>>>

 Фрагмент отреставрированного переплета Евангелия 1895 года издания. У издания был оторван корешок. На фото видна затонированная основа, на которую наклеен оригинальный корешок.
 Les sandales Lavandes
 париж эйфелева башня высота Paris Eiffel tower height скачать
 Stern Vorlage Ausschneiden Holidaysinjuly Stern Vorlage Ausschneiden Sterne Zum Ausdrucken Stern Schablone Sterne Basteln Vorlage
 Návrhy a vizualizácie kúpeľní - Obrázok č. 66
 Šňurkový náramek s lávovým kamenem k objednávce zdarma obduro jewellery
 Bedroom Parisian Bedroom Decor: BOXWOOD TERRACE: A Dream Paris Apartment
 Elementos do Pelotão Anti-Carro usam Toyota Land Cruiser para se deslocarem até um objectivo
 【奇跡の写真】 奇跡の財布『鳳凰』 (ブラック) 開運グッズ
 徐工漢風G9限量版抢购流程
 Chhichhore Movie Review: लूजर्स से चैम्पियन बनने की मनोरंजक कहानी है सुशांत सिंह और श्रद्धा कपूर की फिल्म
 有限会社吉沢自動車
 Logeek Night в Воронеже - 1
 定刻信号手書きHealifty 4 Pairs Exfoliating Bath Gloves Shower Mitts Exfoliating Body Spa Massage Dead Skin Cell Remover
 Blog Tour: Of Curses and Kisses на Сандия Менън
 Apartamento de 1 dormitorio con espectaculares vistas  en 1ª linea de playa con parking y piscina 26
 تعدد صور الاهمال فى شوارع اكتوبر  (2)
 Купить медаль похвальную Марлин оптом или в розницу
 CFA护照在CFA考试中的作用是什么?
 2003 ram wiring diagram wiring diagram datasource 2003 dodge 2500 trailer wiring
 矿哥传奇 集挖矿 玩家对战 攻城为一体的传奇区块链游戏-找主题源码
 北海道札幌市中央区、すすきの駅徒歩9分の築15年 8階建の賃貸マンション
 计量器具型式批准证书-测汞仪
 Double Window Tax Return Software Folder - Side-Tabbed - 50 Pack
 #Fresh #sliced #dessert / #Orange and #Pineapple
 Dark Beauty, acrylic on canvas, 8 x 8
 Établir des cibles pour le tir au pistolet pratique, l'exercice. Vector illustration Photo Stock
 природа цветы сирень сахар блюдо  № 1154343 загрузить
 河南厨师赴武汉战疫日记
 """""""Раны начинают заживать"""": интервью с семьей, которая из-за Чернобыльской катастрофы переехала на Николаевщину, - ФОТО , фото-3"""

<<<

» **PROBLEM DETAILS**: Print only the lines running from the one with "Logeek Night в Воронеже - 1" to the final line of the data above, each exactly as it appears.

» **ANSWER TO THIS TASK**:
 Logeek Night в Воронеже - 1
 定刻信号手書きHealifty 4 Pairs Exfoliating Bath Gloves Shower Mitts Exfoliating Body Spa Massage Dead Skin Cell Remover
 Blog Tour: Of Curses and Kisses на Сандия Менън
 Apartamento de 1 dormitorio con espectaculares vistas  en 1ª linea de playa con parking y piscina 26
 تعدد صور الاهمال فى شوارع اكتوبر  (2)
 Купить медаль похвальную Марлин оптом или в розницу
 CFA护照在CFA考试中的作用是什么?
 2003 ram wiring diagram wiring diagram datasource 2003 dodge 2500 trailer wiring
 矿哥传奇 集挖矿 玩家对战 攻城为一体的传奇区块链游戏-找主题源码
 北海道札幌市中央区、すすきの駅徒歩9分の築15年 8階建の賃貸マンション
 计量器具型式批准证书-测汞仪
 Double Window Tax Return Software Folder - Side-Tabbed - 50 Pack
 #Fresh #sliced #dessert / #Orange and #Pineapple
 Dark Beauty, acrylic on canvas, 8 x 8
 Établir des cibles pour le tir au pistolet pratique, l'exercice. Vector illustration Photo Stock
 природа цветы сирень сахар блюдо  № 1154343 загрузить
 河南厨师赴武汉战疫日记
 """""""Раны начинают заживать"""": интервью с семьей, которая из-за Чернобыльской катастрофы переехала на Николаевщину, - ФОТО , фото-3"""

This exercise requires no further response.